In \( \triangle \mathrm{ABC}, \mathrm{M} \) and \( \mathrm{N} \) are the midpoints of \( \mathrm{AB} \) and \( \mathrm{AC} \) respectively. If the area of \( \triangle \mathrm{ABC} \) is \( 90 \mathrm{~cm}^{2} \), find the area of \( \triangle \mathrm{AMN} \).
Given:
In \( \triangle \mathrm{ABC}, \mathrm{M} \) and \( \mathrm{N} \) are the midpoints of \( \mathrm{AB} \) and \( \mathrm{AC} \) respectively.

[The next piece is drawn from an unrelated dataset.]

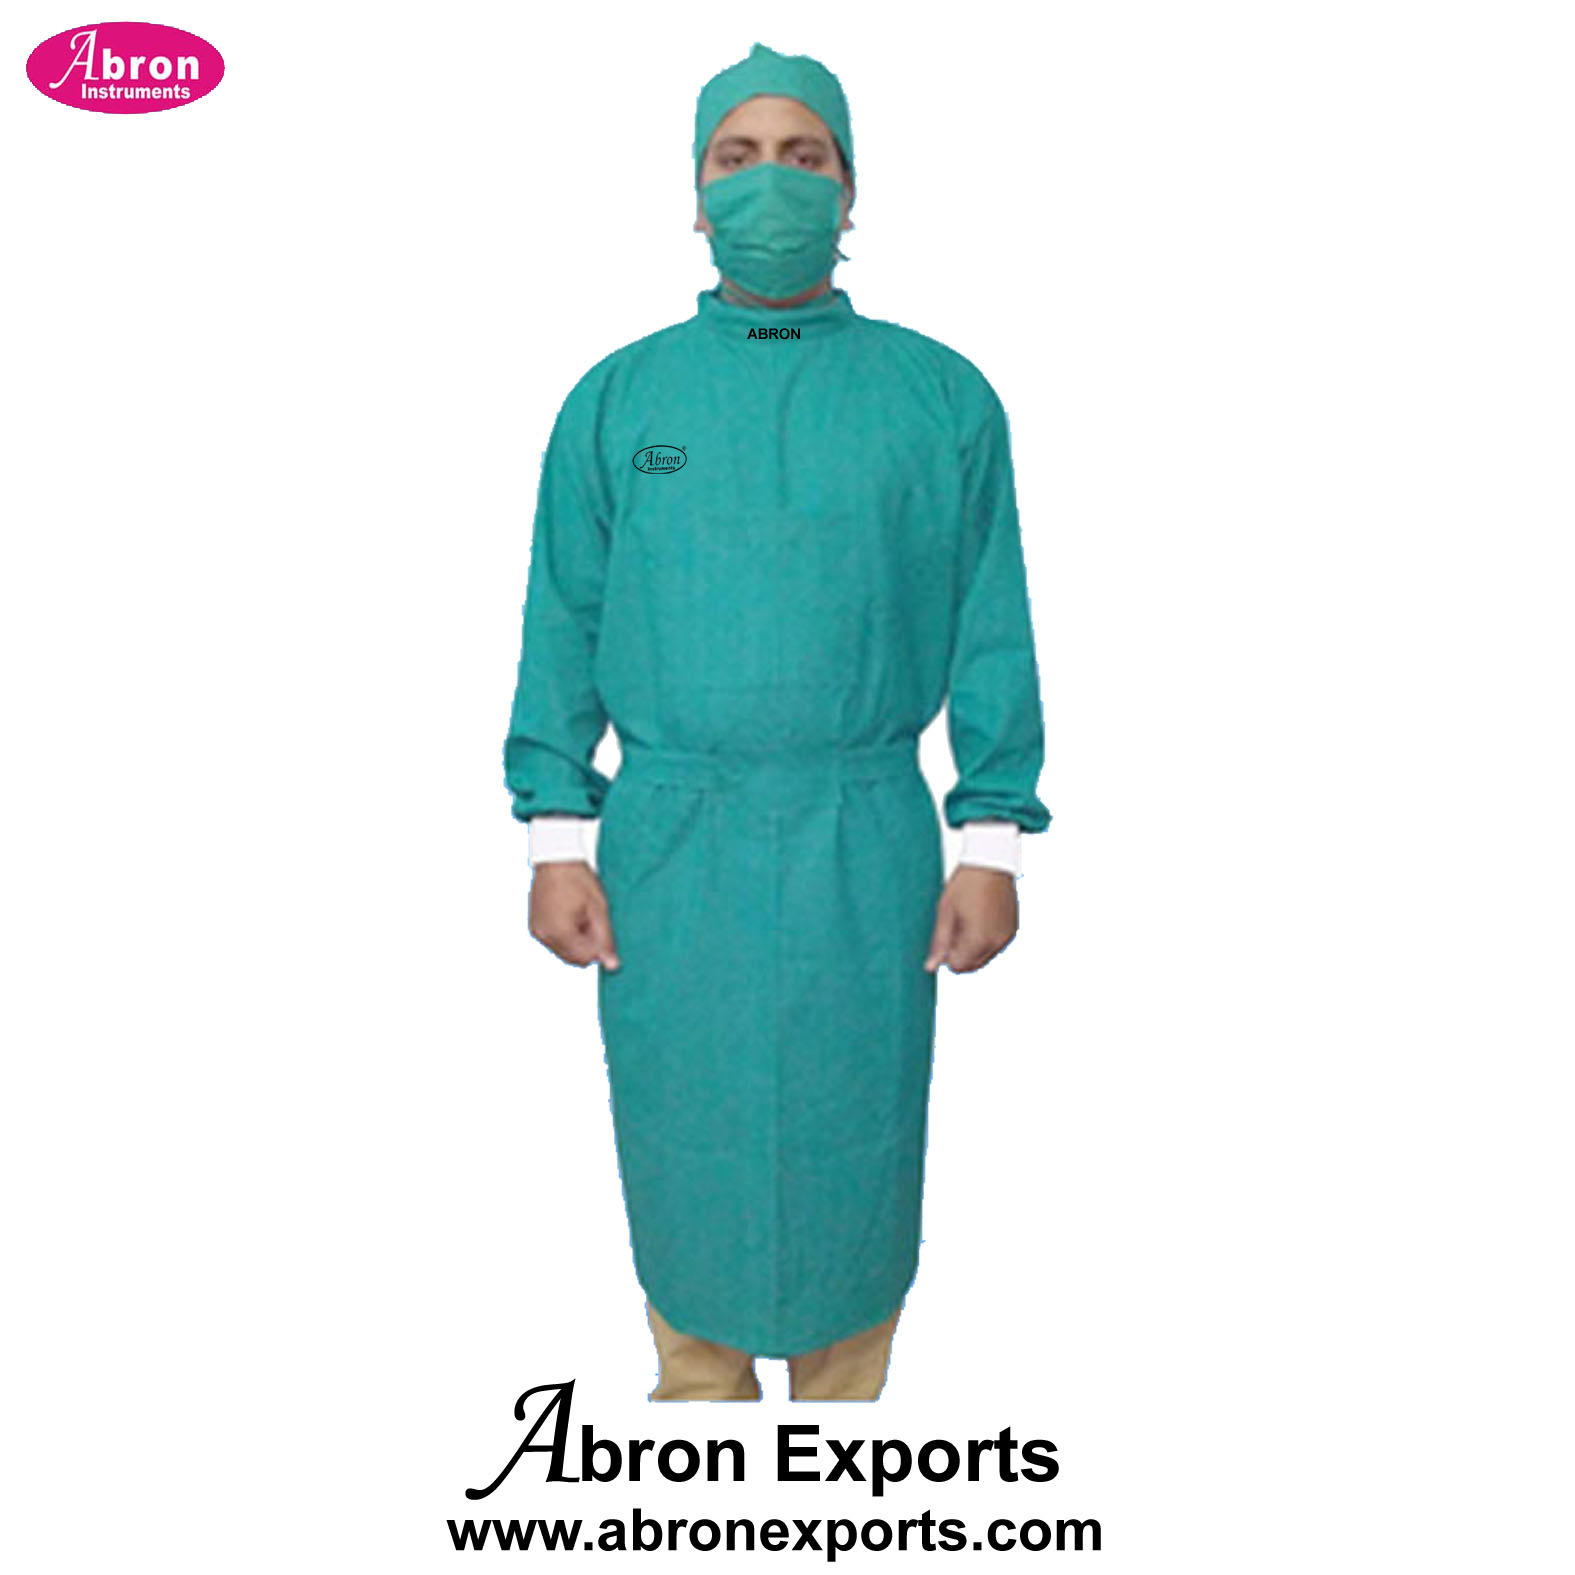 Apron OT Gowns Reusable Cotton Surgeons OT hospital Set with Face Mask Cap Green 10pc Abron9T Clinical gown ABM-2552DC

The area of \( \triangle \mathrm{ABC} \) is \( 90 \mathrm{~cm}^{2} \).
To do:
We have to find the area of \( \triangle \mathrm{AMN} \).
Solution:
We know that,
Area of the triangle formed by joining the midpoints of the sides of a triangle is equal to one-fourth the area of the given triangle.
Similarly,
Area of the triangle formed by a vertex and the midpoints of the adjacent sides is equal to one-fourth the area of the given triangle.
Therefore,
Area of triangle AMN $=\frac{1}{4}\times$ Area of triangle ABC
Area of triangle AMN $=\frac{1}{4}\times 90\ cm^2$
Area of triangle AMN $=22.5\ cm^2$
The area of \( \triangle \mathrm{AMN} \) is $22.5\ cm^2$.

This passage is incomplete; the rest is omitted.